BarroMetrics Views: Themes for 2010 II
Yesterday I considered my three top trading themes. Today I want to consider the major economic theme: Has US spending changed the system to contain the next shock?
At the end of 2009, Geithner told National Public Radio:
“We cannot afford to let the country live again with risks…like we had last year…we will prevent that. And that is something within our capacity to prevent.”
We all know that for something to be different we need to change. The question is has the US done enough to change the system?
A: Unfortunately there has been little substantive change. Two excellent books on this topic
- “Pander to Power” by F Sheehan and
- “It Takes a Pillage”by Nomi Prins
are a must read for all of us. It’s clear that what the US has done is to save banks loaded with toxic assets from the folly of their risk taking. The toxic assets are now stored on the balance sheets of the Federal Reserve and other off-balance sheets. The sheets are loaded with unrealised losses.
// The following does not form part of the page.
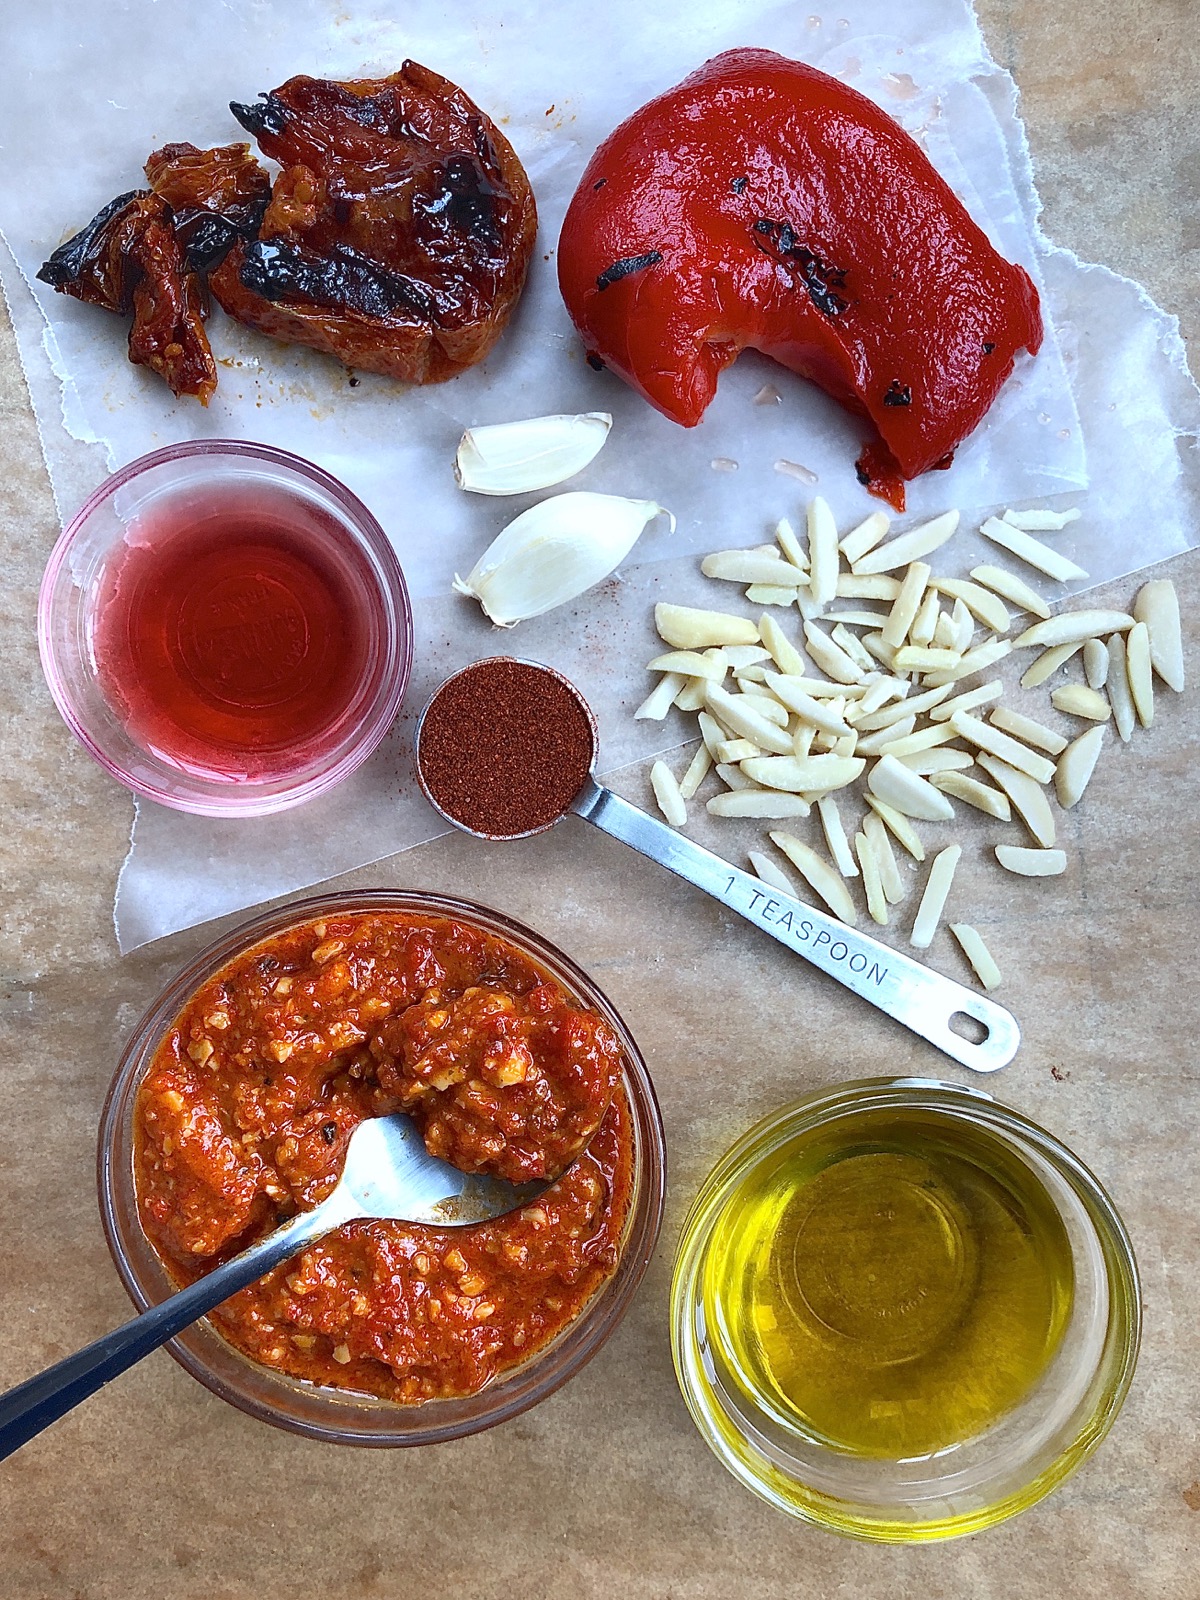 Ingredients for romesco sauce, including roasted red bell pepper, oven-roasted tomatoes, red wine vinegar, garlic cloves, slivered almonds, smoked paprika, and olive oil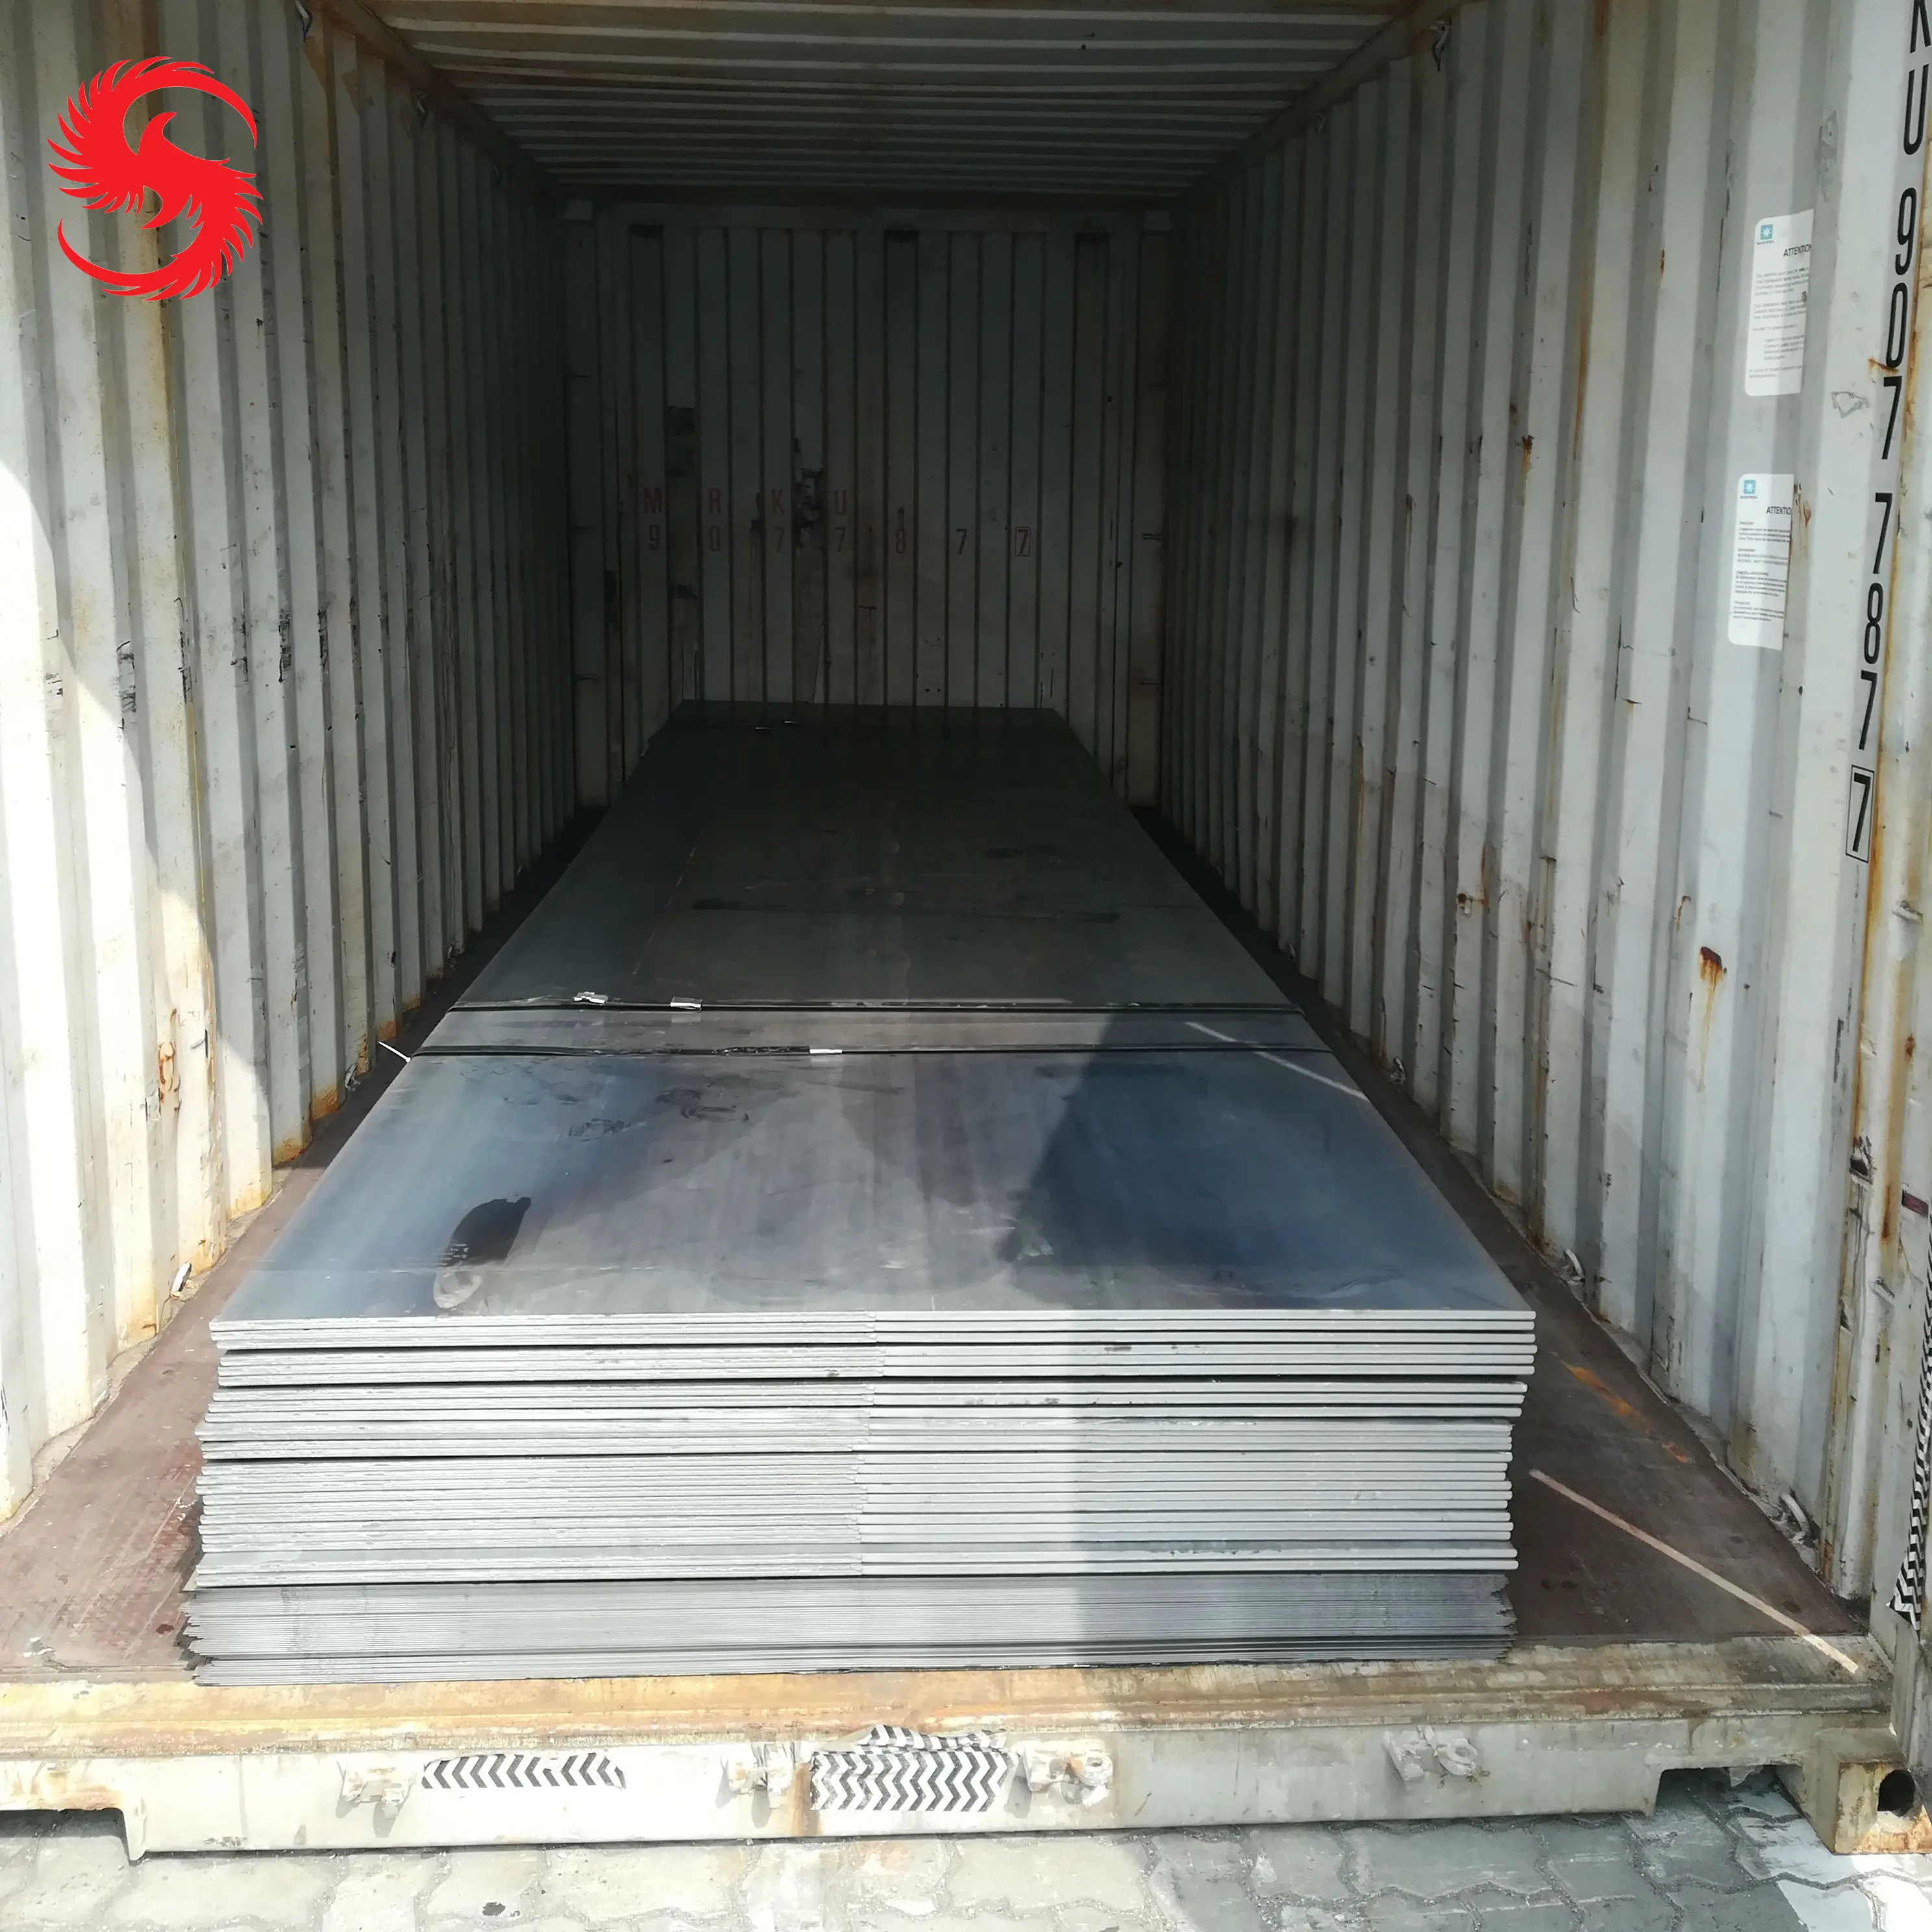 Grade 250 Structural Steel Sheet 2400 X 10 X 12 Ms Plate Buy Grade 250 Steel As3678 Grade 250 Steel Plate Mild Steel Grade 250 Product On Alibaba Com

And, the losses are not the only hidden costs. See the attached report by Sprott Asset Management
Now, if the US Government had the surpluses to pay for those toxic assets, we would probably be OK. But it didn’t and doesn’t. And instead of looking for ways to reduce the deficit, it seems intent on piling them on.Ultimately the piper will have to be paid - either in the form of high inflation or a stagnant economy.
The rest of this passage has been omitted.